Economists generally believe that the Federal Reserve will only cut interest rates twice this year, in September and December. Despite some easing in inflation, strong consumer demand in the United States requires the Federal Reserve to proceed cautiously. Retail sales data shows that consumer spending remains robust, and the unemployment rate is not expected to rise significantly. It is expected that at the meeting on July 31st, the Federal Reserve will keep interest rates unchanged, with over 80% of economists predicting the first rate cut to occur in September. Economists generally expect the Federal Reserve to cut interest rates twice by 25 basis points each this year, while some economists believe that the number of rate cuts may exceed two times

A survey by foreign media shows that an increasing number of analysts believe that the Federal Reserve will only cut interest rates twice this year in September and December, as strong consumer demand in the United States requires cautious action despite some easing in inflation.

Inflation pressures have eased in the past few months, and recent signs of weakness in the labor market have made several members of the Federal Open Market Committee (FOMC) "more confident" that inflation will return to the Fed's 2% target without significant economic slowdown.

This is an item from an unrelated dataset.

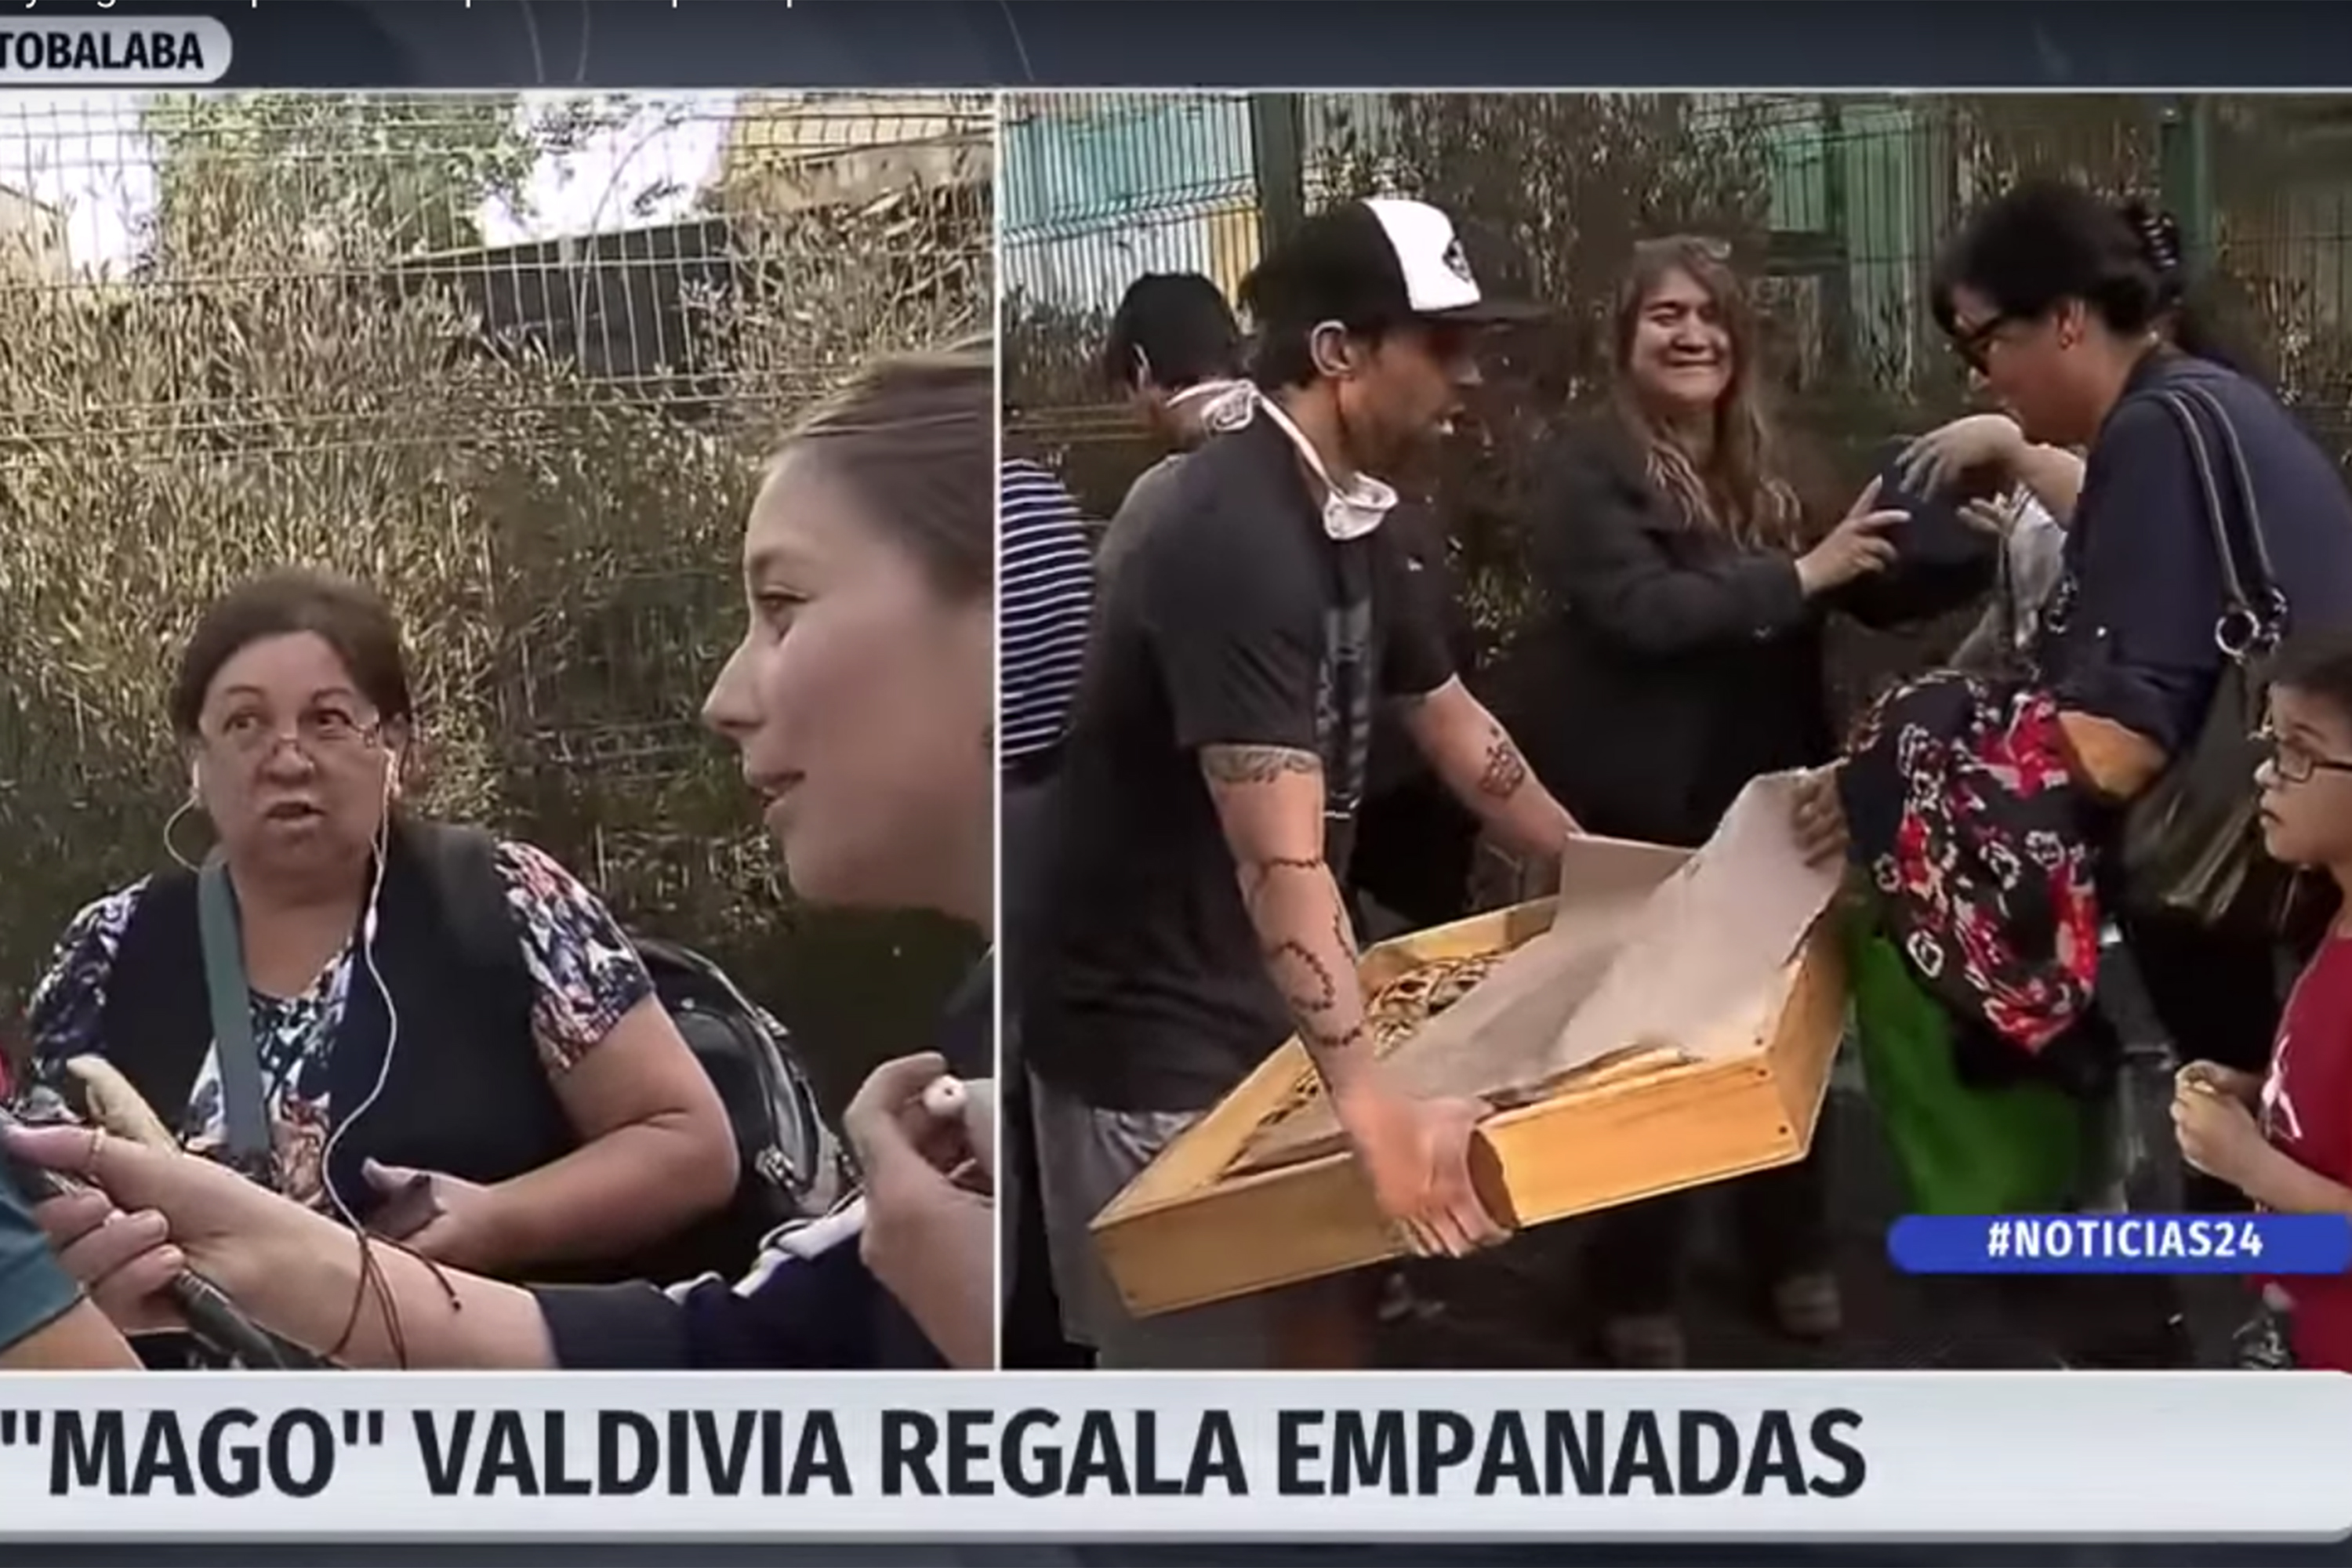 Valdivia distribui empanadas a usuários do transporte público de Santiago

The market has seized this opportunity, expecting the Fed to cut interest rates two to three times this year, driving U.S. stocks up by about 2% last week and causing the yield on 10-year U.S. Treasury bonds to drop by over 25 basis points this month. However, economists have been steadfast in their expectation over the past four months that the Fed will only cut interest rates twice this year, and they are now more convinced of this.

Stronger-than-expected retail sales data for June indicate that consumer spending remains robust, coupled with a consensus view that the unemployment rate is unlikely to rise significantly from its current 4.1%, prompting the Fed to exercise patience.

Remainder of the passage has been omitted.